Lastly, try running this on a more capable hardware setup if feasible, as scraping can be CPU-intensive.
Reducing CPU usage with Puppeteer requires a strategic approach to optimize resource handling. Consider these steps for improved efficiency:
1. Limit Concurrent Pages: Start by adjusting your concurrency. Operate with 2-3 pages instead of 5, which should decrease immediate CPU demand.
2. More Resource Blocking: Alongside images, block other heavy resources like JavaScript and CSS that are non-essential for your scraping. Here's a refined code:
page.on('request', request => {
const resourceType = request.resourceType().toUpperCase();
if (['IMAGE', 'FONT', 'STYLESHEET', 'SCRIPT'].includes(resourceType))
request.abort();
else
request.continue();
});
3. Optimize Browser Context Reuse: Reuse a single browser context instead of opening a new tab each time. This can substantially lower resource consumption:
const context = await browser.createIncognitoBrowserContext();
const page = await context.newPage();
4. Use Minimal Viewport: Set a smaller viewport which can lessen rendering overhead:
await page.setViewport({ width: 800, height: 600 });
Implementing these steps should help you achieve better CPU efficiency while running your scraping tool on a DigitalOcean droplet. Keep monitoring the performance and adjust as necessary for optimal outcomes.
Managing CPU usage effectively when using Puppeteer for web scraping can be critical, especially on constrained environments like your DigitalOcean droplet. Here are some additional strategies you might consider:
1. Enable Site Isolation: Enabling site isolation can sometimes help improve performance by isolating tabs from each other. While it might not always lessen CPU, it can help prevent one tab from consuming all resources:
puppeteer.launch({
args: [
'--no-sandbox',
'--disable-setuid-sandbox',
'--disable-web-security',
'--disable-accelerated-2d-canvas',
'--disable-gpu',
'--enable-site-per-process'
],
headless: true
});
2. Limit Request Payload: Reduce the payload size by setting a timeout and adjusting the requests as needed. Adjusting the timeout can help manage CPU usage and maintain a steady flow without overwhelming the system:
await page.setDefaultNavigationTimeout(30000);
await page.setRequestInterception(true);
page.on('request', request => {
const resourceType = request.resourceType().toUpperCase();
if (['IMAGE', 'FONT', 'STYLESHEET', 'SCRIPT', 'MEDIA'].includes(resourceType))
request.abort();
else
request.continue();
});
3. Reduce Resource Priority: Look into Puppeteer's experimental options like Network.setResourcePriority
to control the network resource prioritization more effectively if applicable.
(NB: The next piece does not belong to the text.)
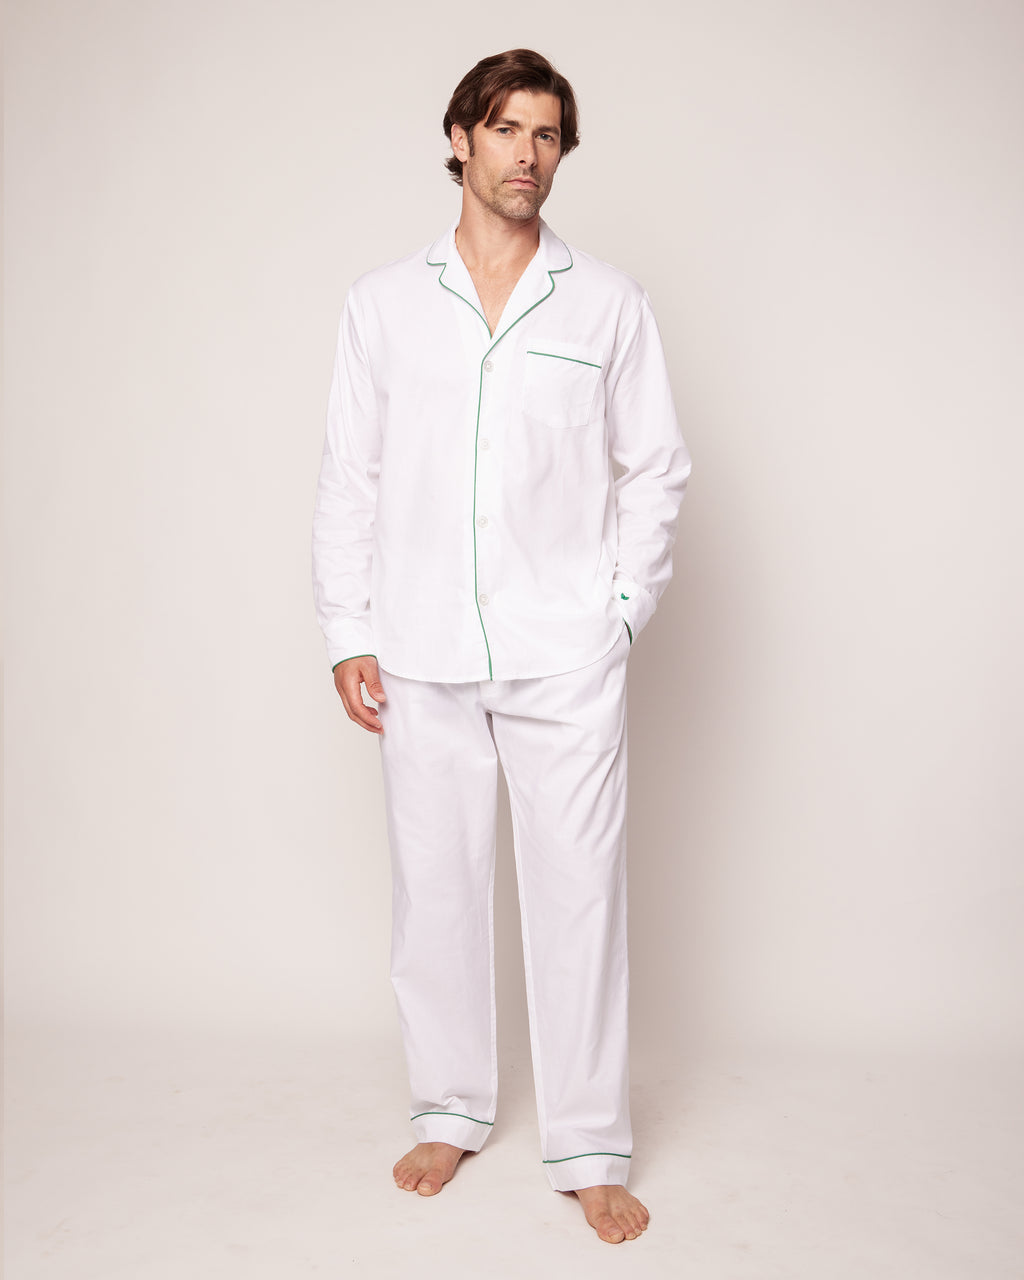 Men's Twill Pajama Set in White with Green Piping – Petite Plume

4. Adjust Concurrency Dynamically: Consider implementing a dynamic concurrency strategy that scales the number of active pages based on available CPU resources or scheduled times of low CPU usage. This can be quite helpful:
const maxConcurrentPages = Math.min(availableCPULevel / averageCPULoadPerPage, maxPages);
While some of these steps might require experimentation to see what fits your workload best, refining your approach with these optimizations is a great path towards reducing CPU impact without sacrificing performance.
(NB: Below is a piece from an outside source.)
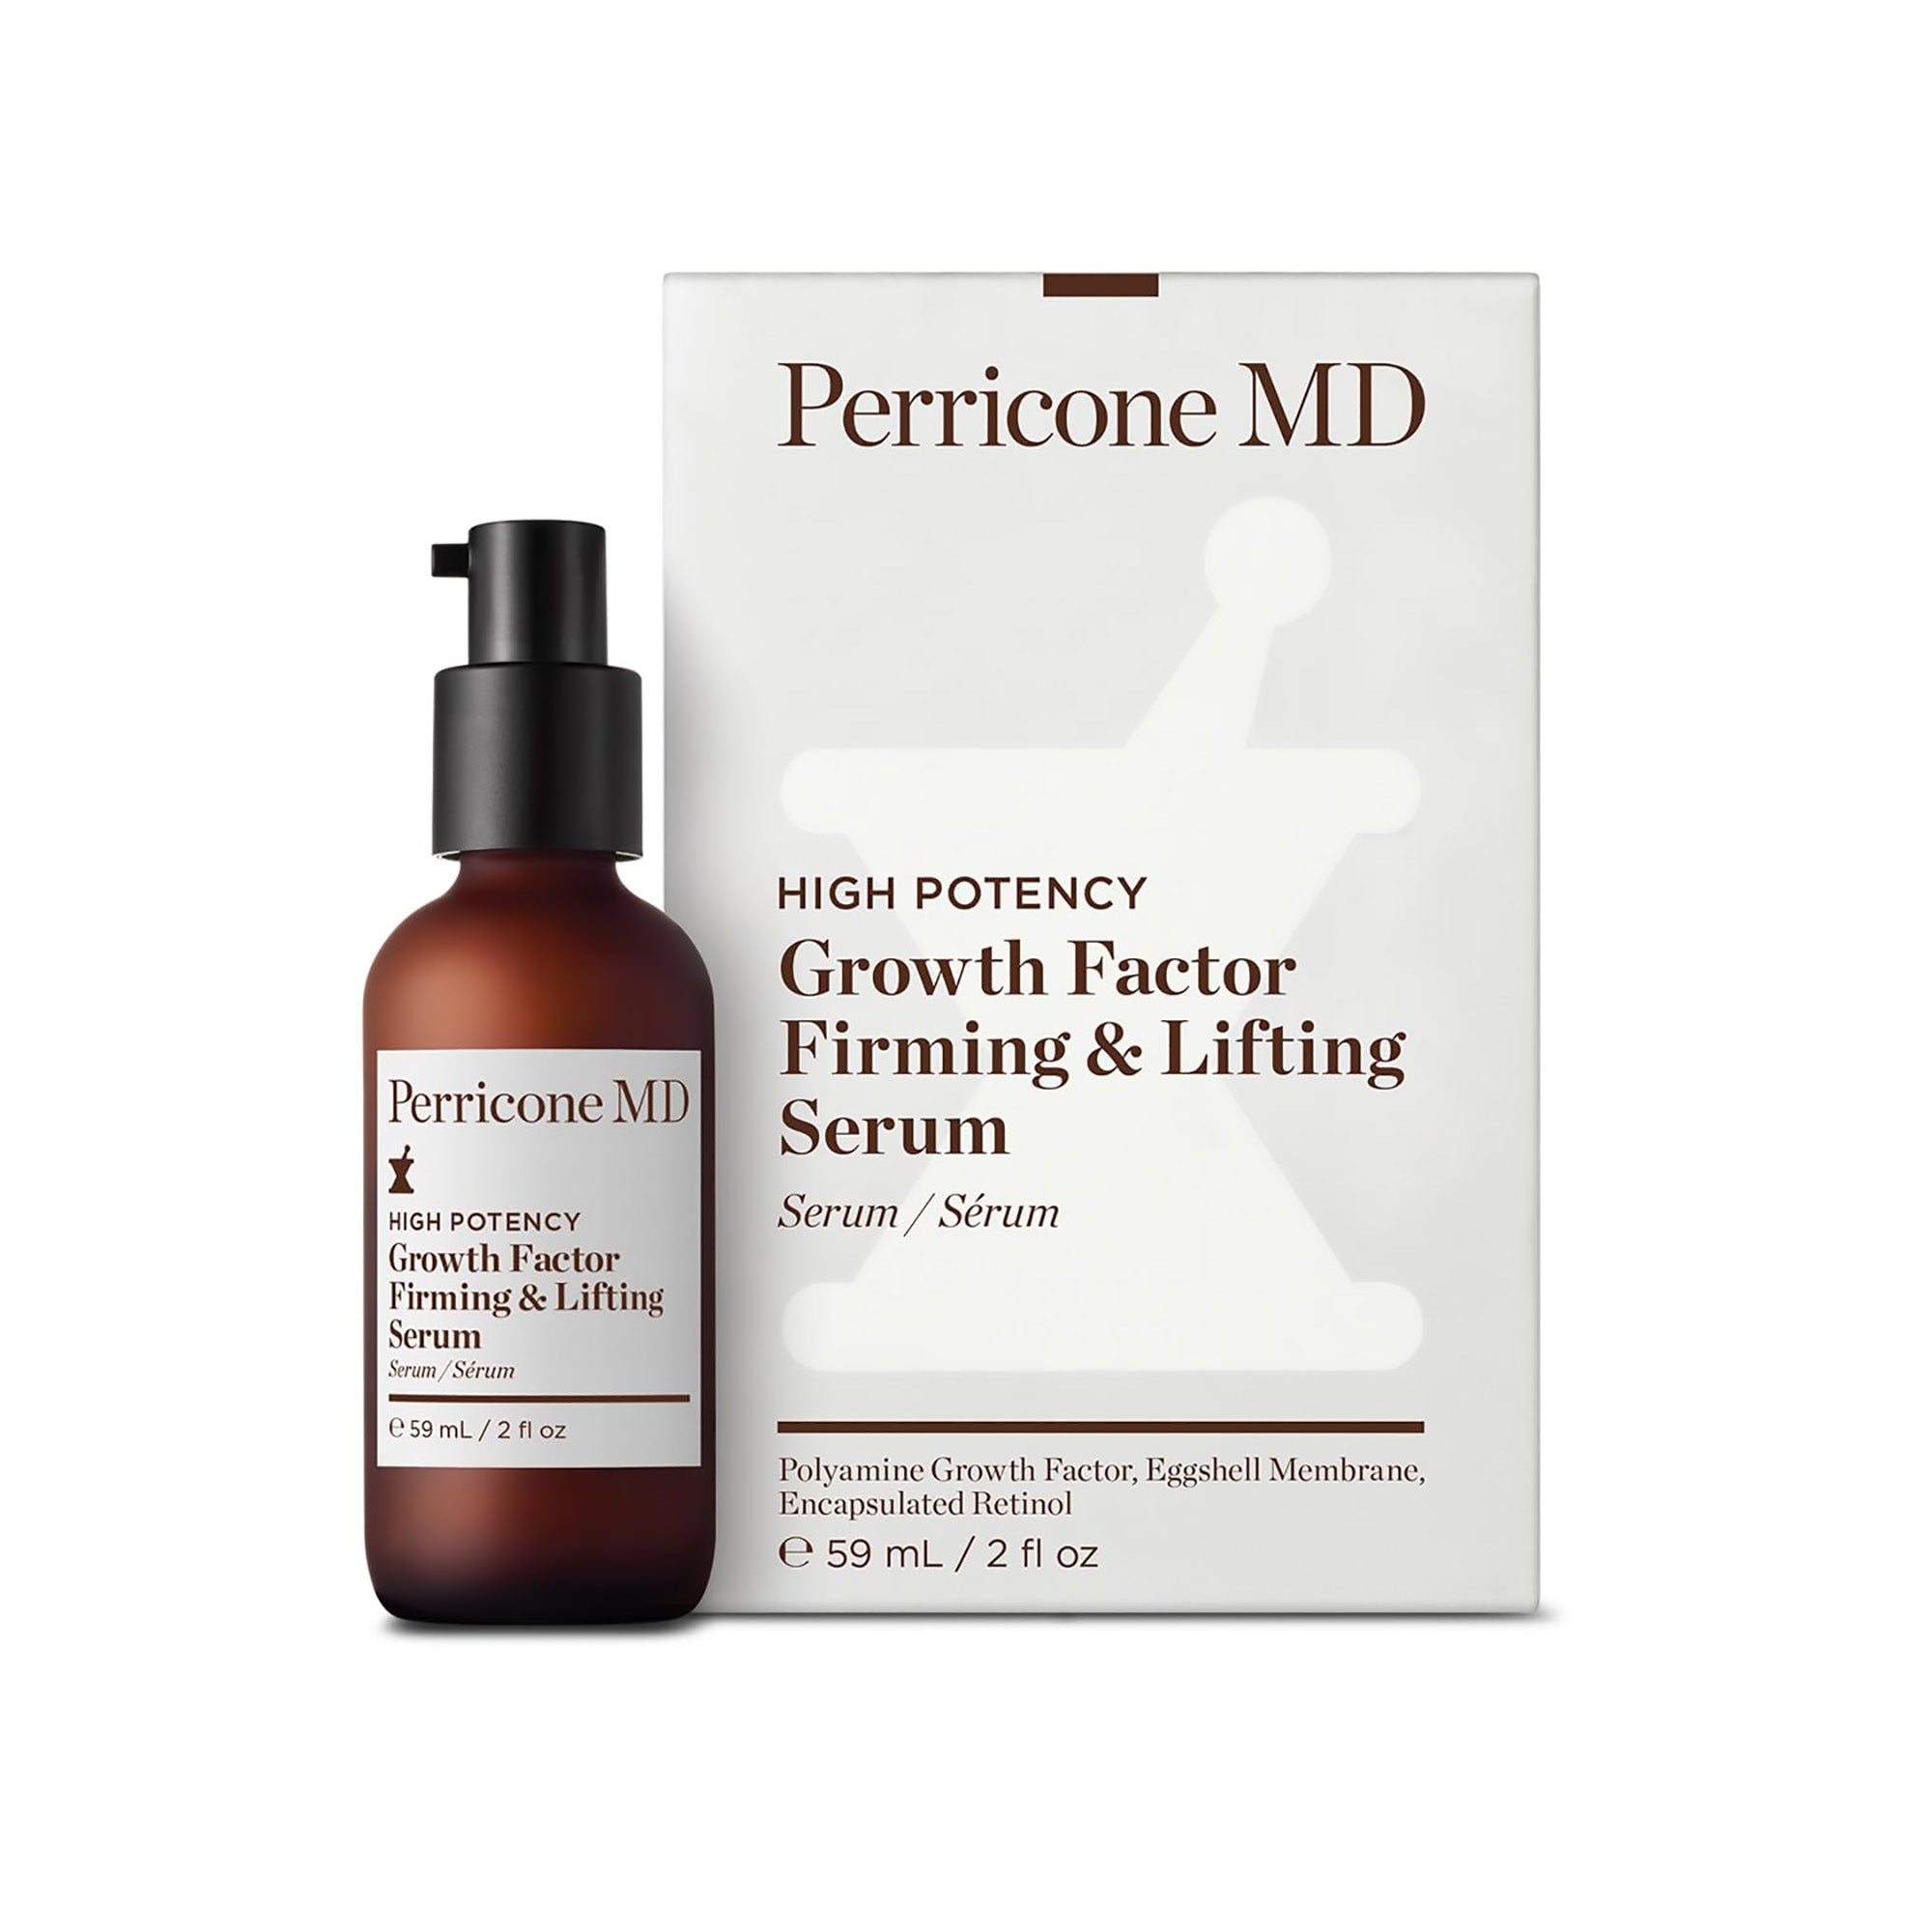 Perricone MD High Potency Classics Face Firming Serum / 2OZ

To reduce CPU usage in your Puppeteer setup, consider the following:
1. Limit Concurrent Pages: Try processing fewer pages at once, like 2-3, to reduce immediate load.
2. Further Resource Blocking: Besides images, block other non-essential resources:
page.on('request', request => {
const resourceType = request.resourceType().toUpperCase();
if (['IMAGE', 'FONT', 'STYLESHEET', 'SCRIPT'].includes(resourceType))
request.abort();
else
request.continue();
});
3. Reuse Browser Context: Instead of opening new tabs, reuse a single browser context:
const context = await browser.createIncognitoBrowserContext();
const page = await context.newPage();
4. Smaller Viewport: Set a smaller viewport to lessen rendering load:
await page.setViewport({ width: 800, height: 600 });
These strategies should help manage CPU consumption effectively on your DigitalOcean droplet.